▶ **WORK REQUEST**
This calls for a word-for-word copy of all the data, with each picture removed.

▶ **SOURCE MATERIAL**
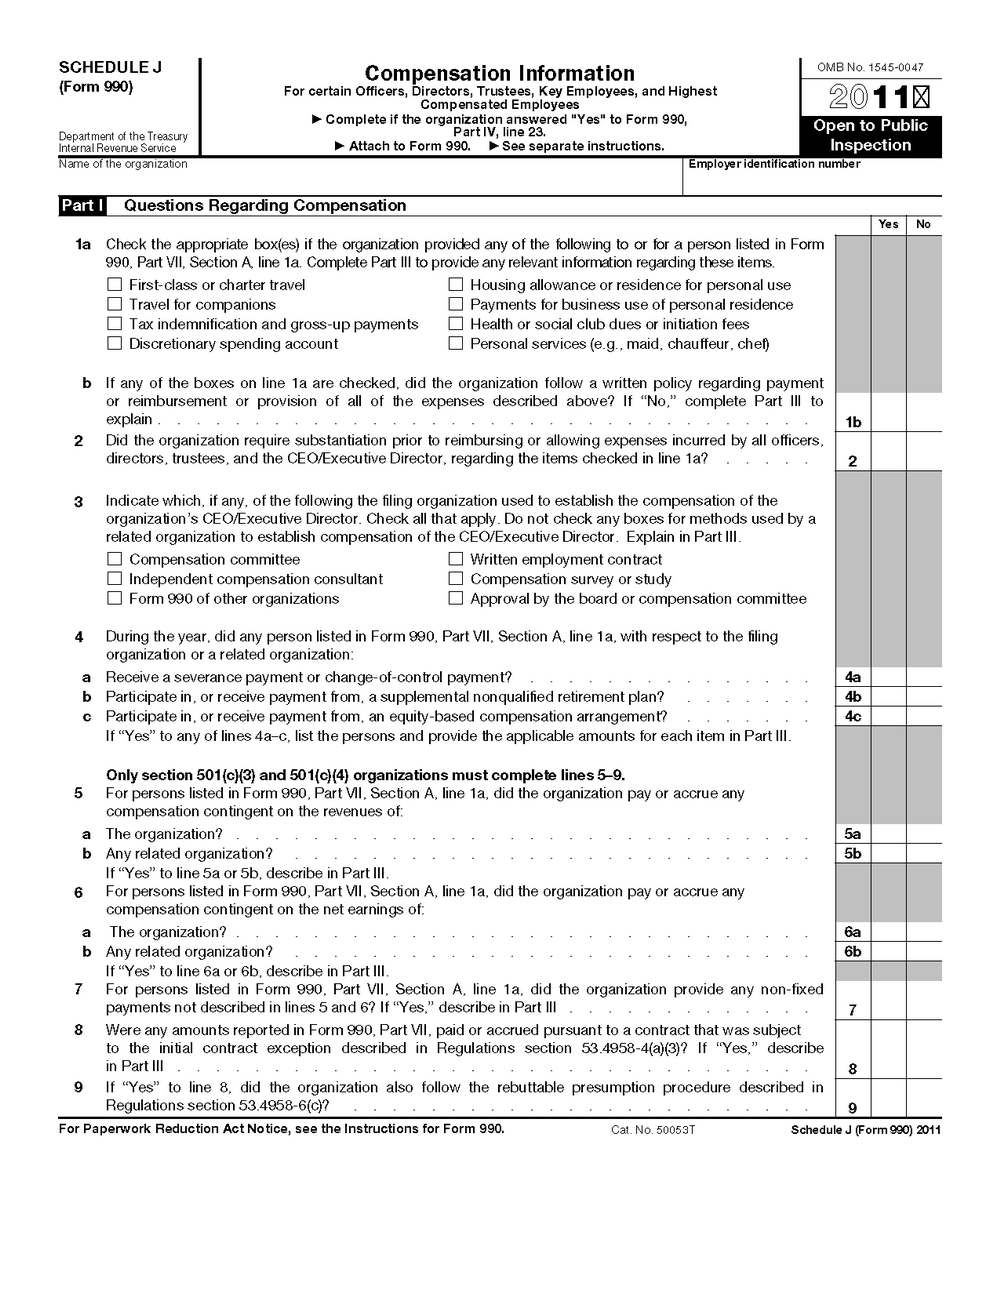 Irs Form 1040ez Online Filing
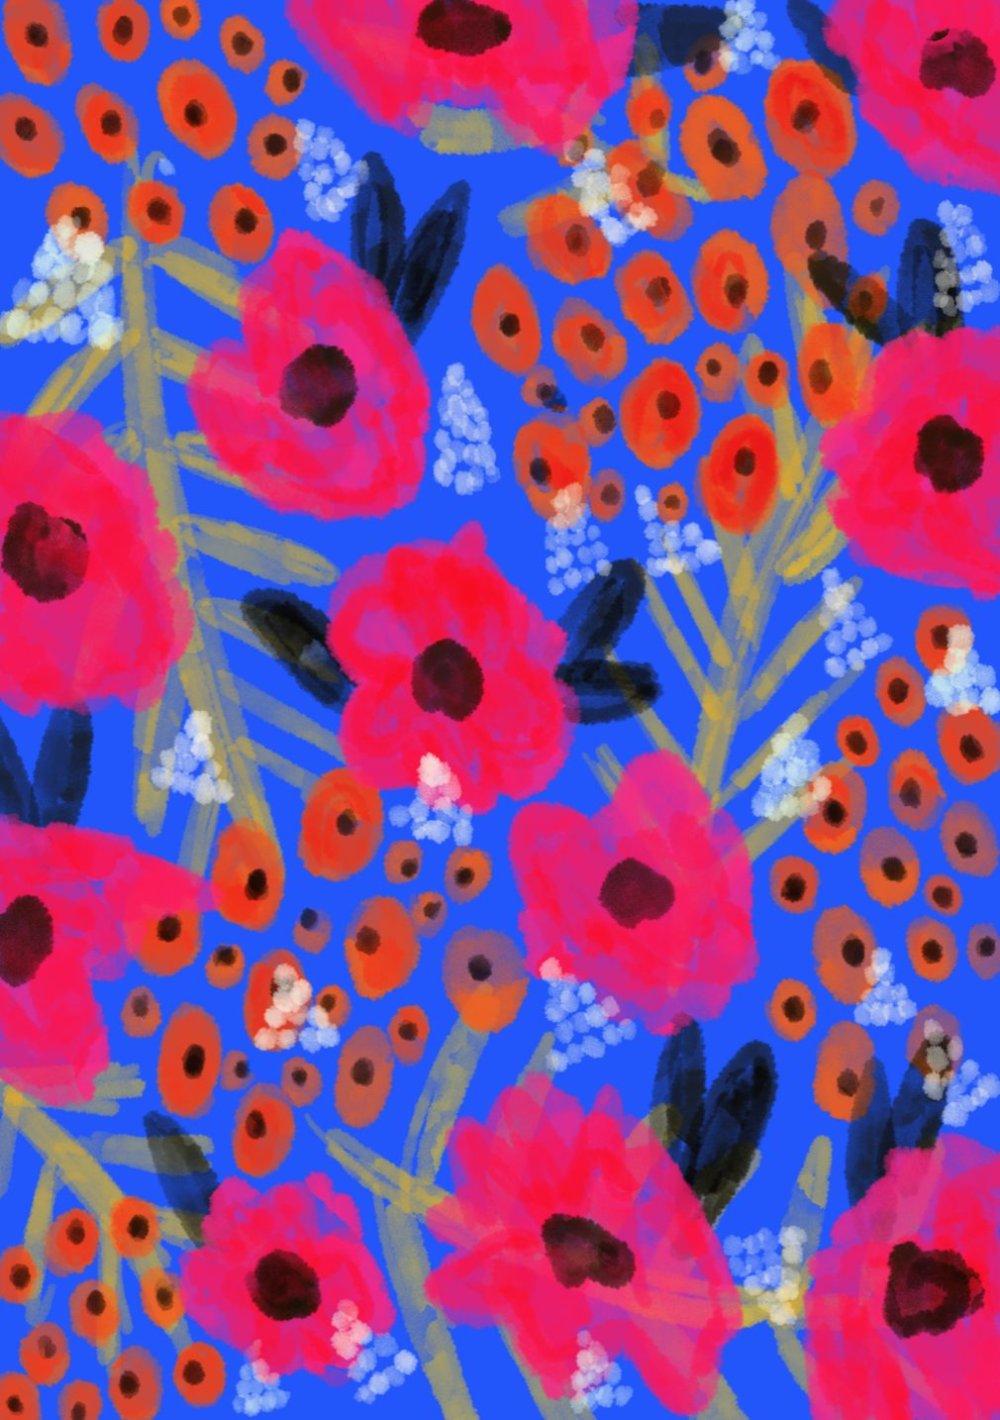 Gorgeous And Colorful Floral Illustrations By Rafaela Mascaro 6
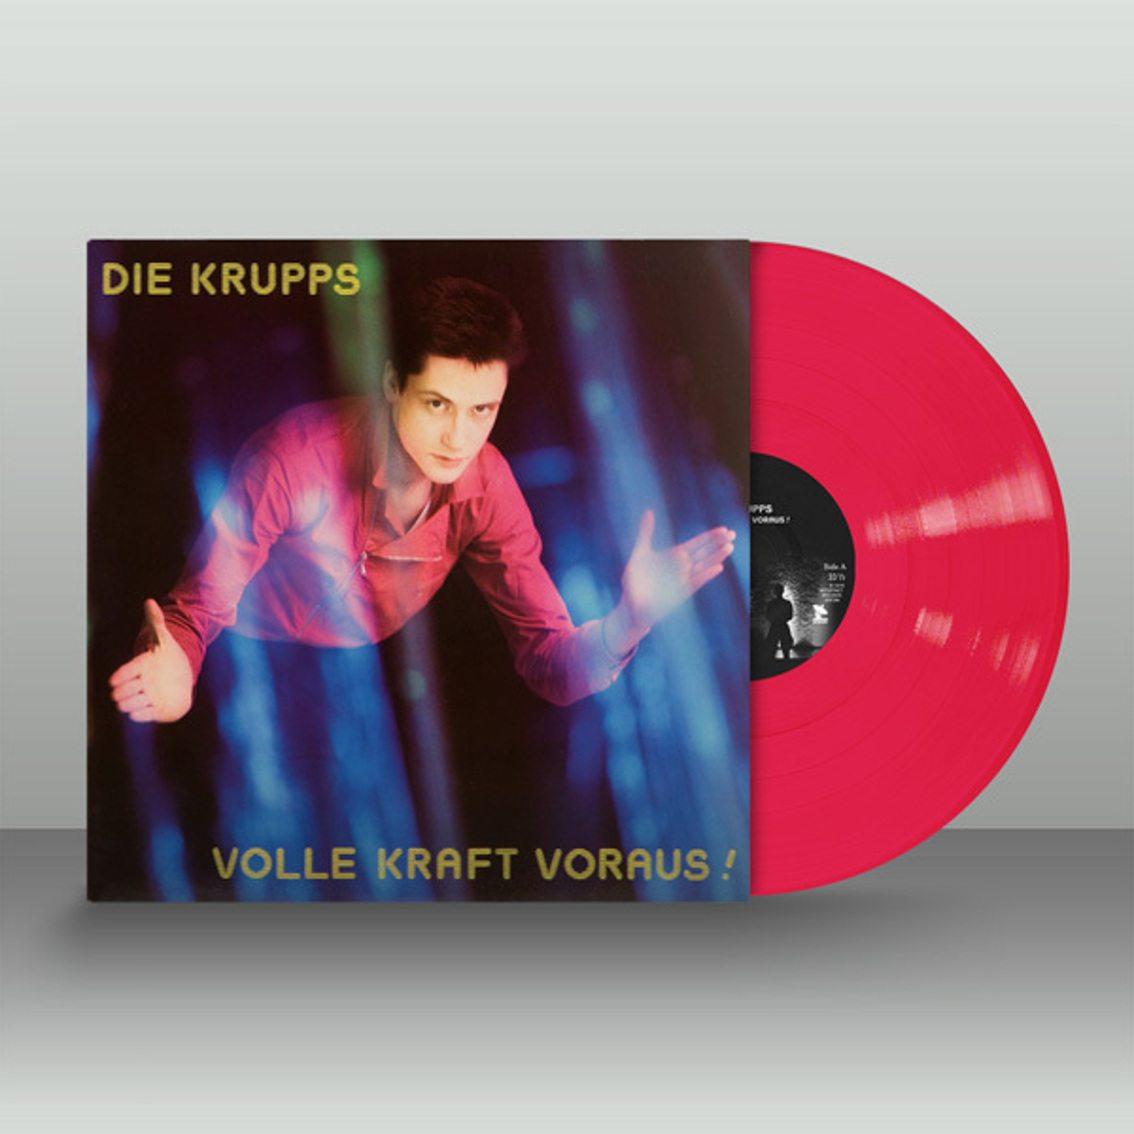 Die Krupps'Volle Kraft Voraus' gets vinyl treatment including... pink!

▶ **OUTPUT OF THE TASK**
 Irs Form 1040ez Online Filing
 Gorgeous And Colorful Floral Illustrations By Rafaela Mascaro 6
 Die Krupps'Volle Kraft Voraus' gets vinyl treatment including... pink!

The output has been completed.